Malmendier, Škrijelj, Crawford, Foster
Faux Pas
Michael Foster (ts), Webb Crawford (g), Émilie Škrijelj (platines), Tom Malmendier (d)
Label / Distribution : Eux Saem
Radicaux, le batteur Tom Malmendier et la -ici- platiniste Émilie Škrijelj le sont intensément. Le duo des Marquises, qui rencontrait il y a peu l’iconoclaste Otomo Yoshihide dans un trio sans limites nous fait toujours découvrir, dans un contexte souvent orageux, des pans nouveaux des musiques improvisées mondiales. On ne sera pas surpris, dès lors, que Faux Pas, leur nouvel album paru sur leur label Eux Saem, rapporte de New York de nouveaux sons et de nouveaux musiciens. Certes, on a noté dans un coin de nos mémoires le nom du saxophoniste Michael Foster qui vient de sortir un album avec Michael Griener, mais son attelage ancien avec la guitare de Webb Crawford, figure émergente de la scène new-yorkaise aux côtés de Jessica Pavone entre autres est - l’intense et étouffant « Je ne sais où » nous le confirme - particulièrement explosif.
Faux Pas est donc un quartet nourri de noise qui joue en totale liberté. Le saxophone de Foster, à la fois rêche et agglutinant, s’accroche à la batterie de Malmendier comme pour mieux se nourrir d’une pulsation fiévreuse et intranquille. Aucun répit dans ce concert enregistré en 2025 à Brooklyn : le saxophone se débat, bouscule, déstabilise un ensemble qui se plaît dans l’hétérogénéité. Ce qui ajoute au sentiment délicieusement désordonné et oppressant, c’est la ponctuation continuelle de Škrijelj et Crawford, véritables mouches du coche et tout en même temps larrons en foire : la platiniste instille des sons, souvent piquants voire cristallins, que la guitare prolonge avec une nervosité sans pareille. L’expérience est intense.

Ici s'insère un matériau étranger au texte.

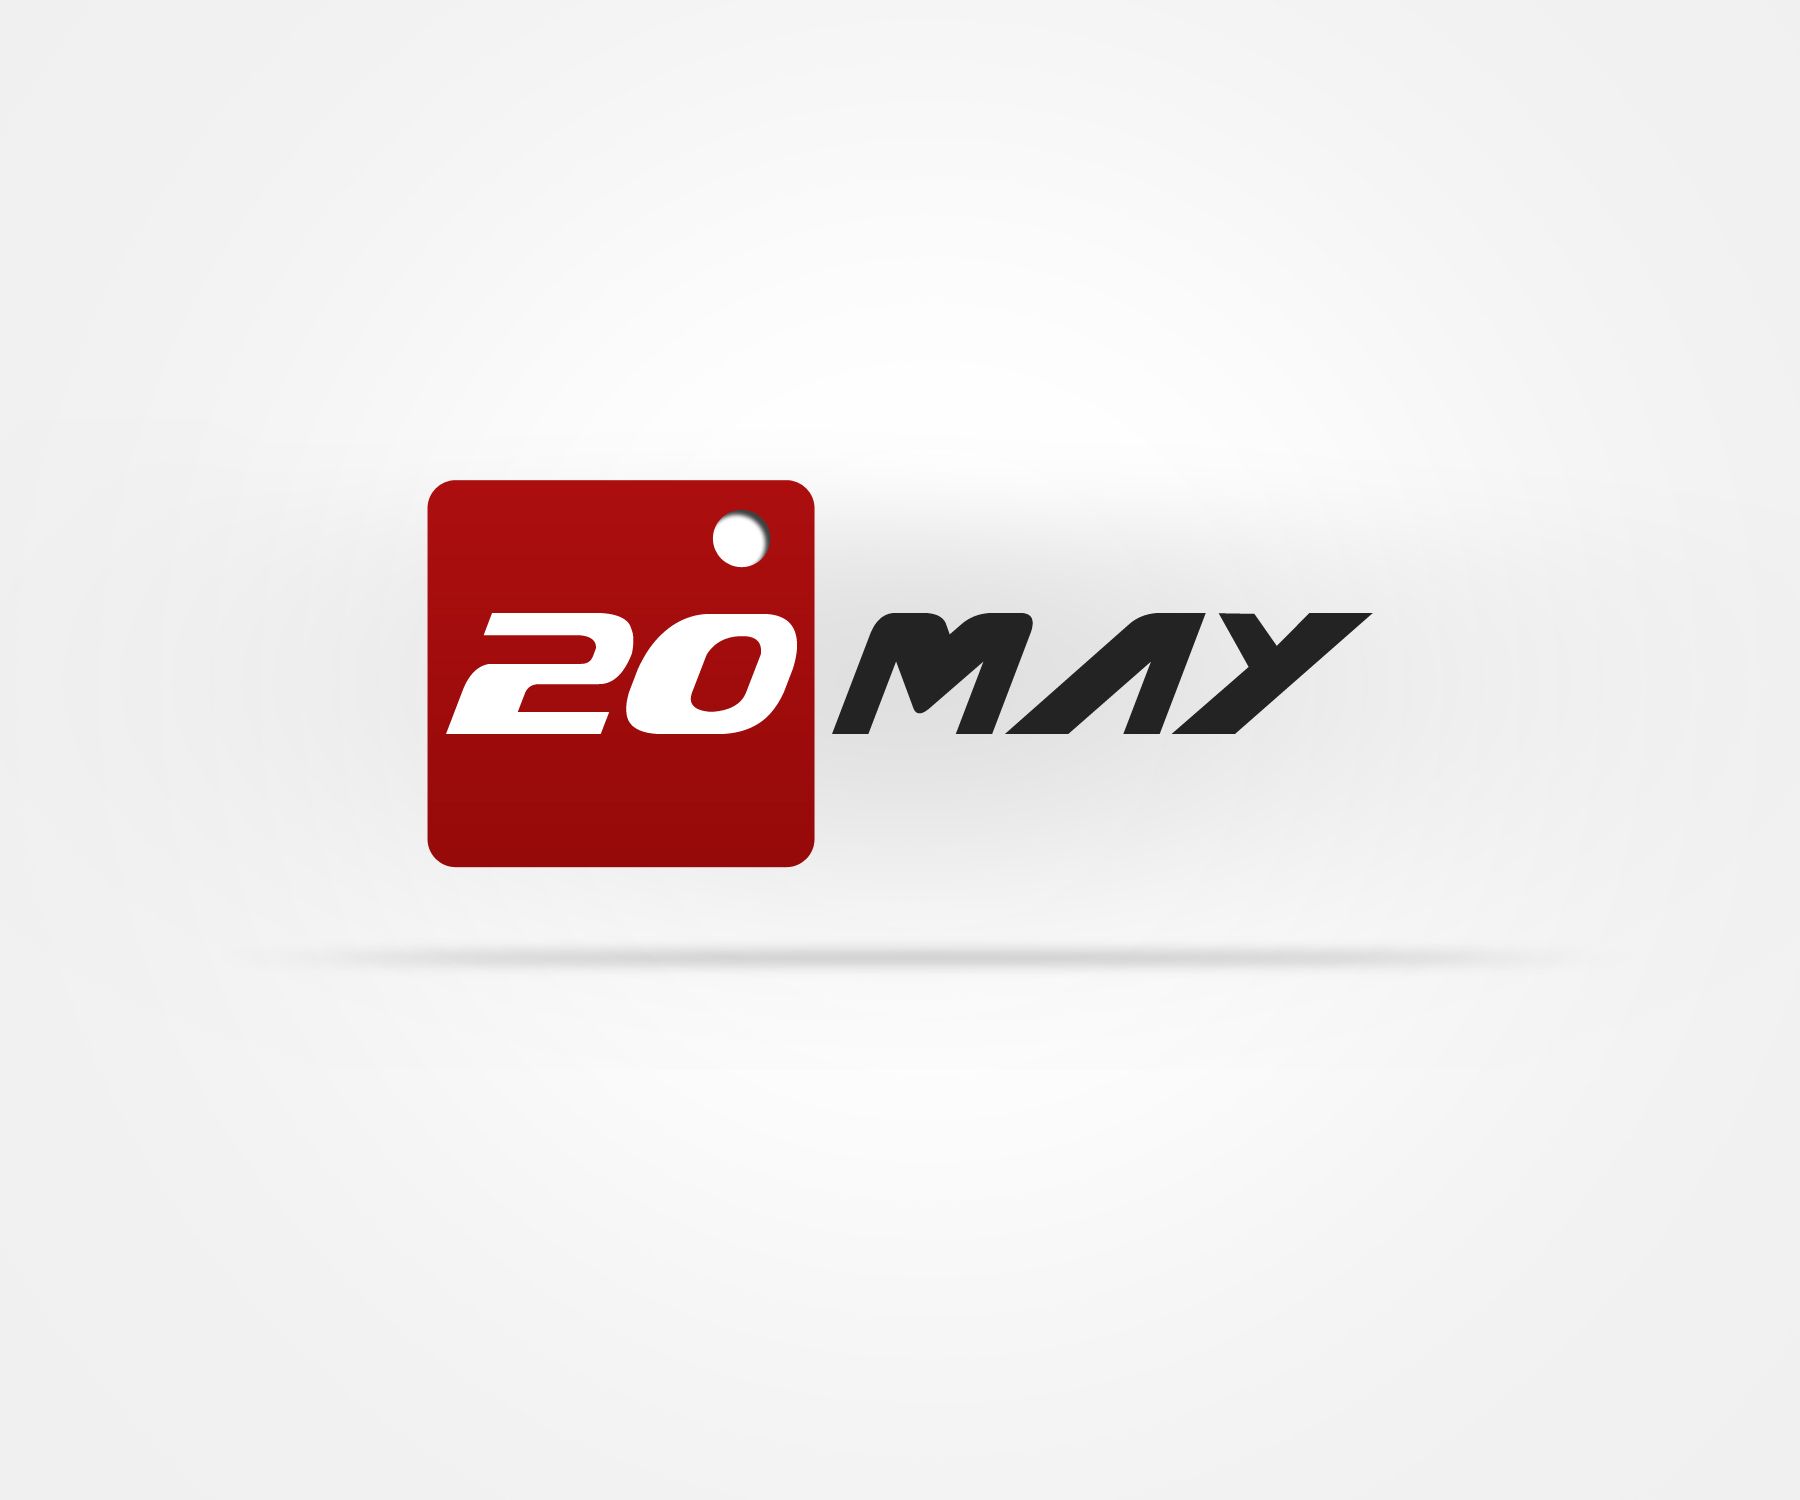 20MAY Project - дизайнер bonvian

L’énergie de Malmendier et Škrijelj, cette spontanéité aussi charbonneuse que les dessins de la platiniste qui illustrent les pochettes du label, portent toujours cette soif immense du son juste, les prémices de « Je ne sais quoi » le soulignent. Avec les deux étasuniens, c’est un élément chaotique qui vient s’immiscer dans cette quête. Quelque chose de plus déstabilisant qu’avec Otomo car totalement imprévisible et remplie de chausse-trappes. De quoi multiplier les faux-pas. Évidemment.